## [EXERCISE]
How many lines in the entries below contain "Black"? Answer with the number only.

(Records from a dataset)
================================
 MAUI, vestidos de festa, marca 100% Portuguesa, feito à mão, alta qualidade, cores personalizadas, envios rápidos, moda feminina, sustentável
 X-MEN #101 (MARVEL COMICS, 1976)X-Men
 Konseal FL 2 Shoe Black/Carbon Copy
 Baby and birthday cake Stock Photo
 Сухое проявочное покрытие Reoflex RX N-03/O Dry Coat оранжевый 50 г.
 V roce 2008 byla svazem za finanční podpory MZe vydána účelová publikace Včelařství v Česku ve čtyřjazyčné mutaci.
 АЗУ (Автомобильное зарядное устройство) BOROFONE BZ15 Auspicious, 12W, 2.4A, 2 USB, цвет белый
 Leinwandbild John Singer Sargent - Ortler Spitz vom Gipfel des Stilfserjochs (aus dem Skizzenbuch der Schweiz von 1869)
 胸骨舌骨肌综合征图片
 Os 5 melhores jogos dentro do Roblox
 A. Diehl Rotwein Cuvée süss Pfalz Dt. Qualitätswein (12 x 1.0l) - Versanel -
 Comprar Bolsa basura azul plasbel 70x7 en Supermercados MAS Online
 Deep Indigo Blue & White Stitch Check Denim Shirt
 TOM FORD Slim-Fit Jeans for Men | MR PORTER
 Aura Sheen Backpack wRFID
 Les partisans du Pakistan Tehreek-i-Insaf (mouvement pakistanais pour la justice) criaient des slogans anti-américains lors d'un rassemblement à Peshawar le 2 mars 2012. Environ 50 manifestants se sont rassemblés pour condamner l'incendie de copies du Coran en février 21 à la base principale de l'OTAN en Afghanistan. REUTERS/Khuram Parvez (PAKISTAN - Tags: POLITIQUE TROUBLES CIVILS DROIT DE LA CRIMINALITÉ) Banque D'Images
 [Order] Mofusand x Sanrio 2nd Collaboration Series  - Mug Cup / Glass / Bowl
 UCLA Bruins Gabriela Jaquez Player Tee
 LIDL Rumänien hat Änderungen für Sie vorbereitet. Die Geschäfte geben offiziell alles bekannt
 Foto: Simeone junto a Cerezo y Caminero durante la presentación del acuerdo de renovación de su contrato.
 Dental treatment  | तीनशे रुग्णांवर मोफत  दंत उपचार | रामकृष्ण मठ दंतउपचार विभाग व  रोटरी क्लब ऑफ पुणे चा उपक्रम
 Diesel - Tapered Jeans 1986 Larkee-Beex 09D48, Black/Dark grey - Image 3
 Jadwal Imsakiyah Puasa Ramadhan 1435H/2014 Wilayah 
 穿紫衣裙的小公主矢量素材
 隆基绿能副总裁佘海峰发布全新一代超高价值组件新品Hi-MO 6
================================
## [WRITTEN RESPONSE]
2